In the last part of their analysis, the authors investigate whether and to what degree the CE sample is a representative one. To evaluate representativeness, they compare the distribution of household characteristics in the CE with that in the Current Population Survey (CPS), produced by the Census Bureau for the BLS. They find that the CE is no less representative than the CPS. Although other researchers have found that the top 4 or 5 percentiles of income are slightly underrepresented and the bottom few percentiles are not, Bee, Meyer, and Sullivan point out that this slight departure from representativeness has implications for how CE data are appropriately used.

In this regard, the underrepresentation at the top of the income distribution, especially as it varies considerably across expenditure categories, introduces bias into the CE, making uses of the data that rely on aggregates likely to be biased as well. Thus, changes in the relative reporting of different types of goods translate into bias in the CPI. But the situation is by no means bleak: as mentioned earlier, certain categories of expenditures—especially the larger ones—are well measured, particularly in the Interview Survey, so research that relies on those categories is appropriate.
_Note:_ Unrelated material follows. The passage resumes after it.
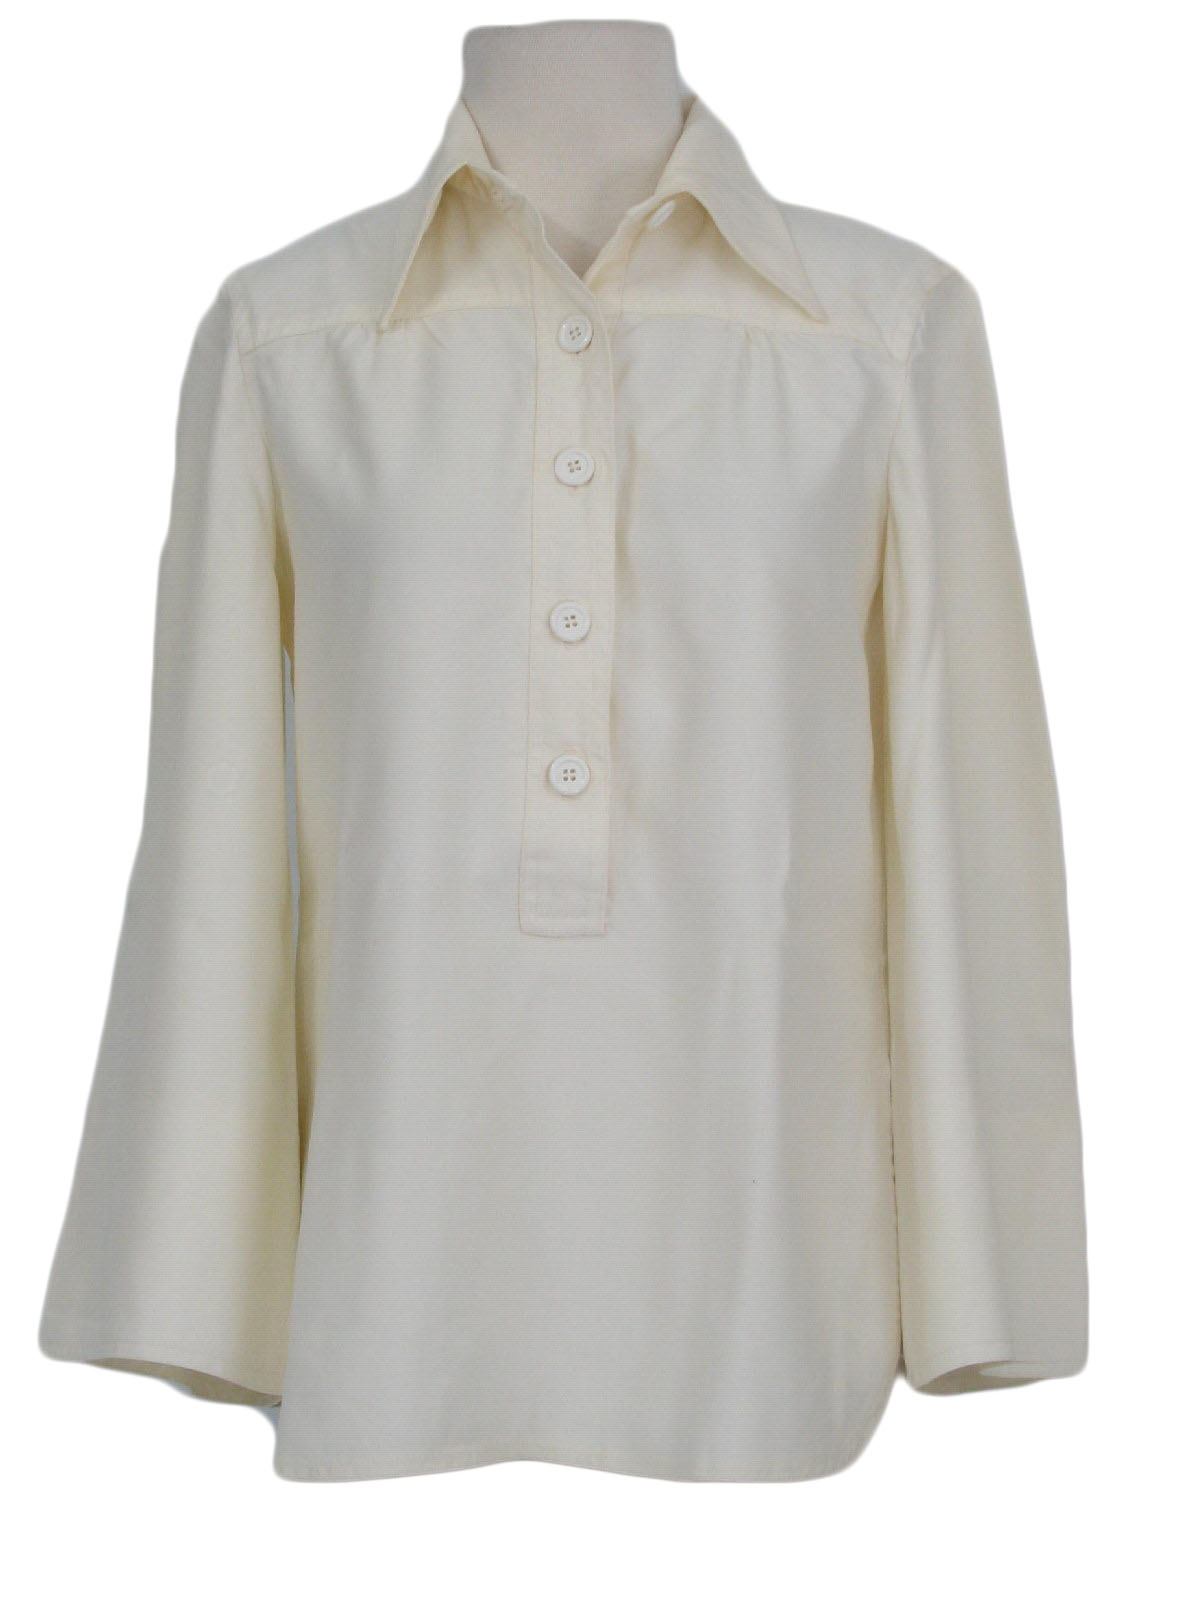 Vintage 70s Hippie Shirt: 70s -no label- Womens cream cotton polyester ...

Also, research on poverty is appropriate because such research examines the bottom of the income distribution and the underrepresentation at the top is irrelevant. By contrast, the appropriateness of research into inequality varies: statistics that do not depend heavily on the top few percentiles of the distribution, such as 90-10 ratios, will yield fruitful results, whereas those which do, such as variances and Gini coefficients, will not. In sum, done discriminately, research using the Consumer Expenditure Survey is worth our expenditure of energy and need not be an inordinate consumer of our time.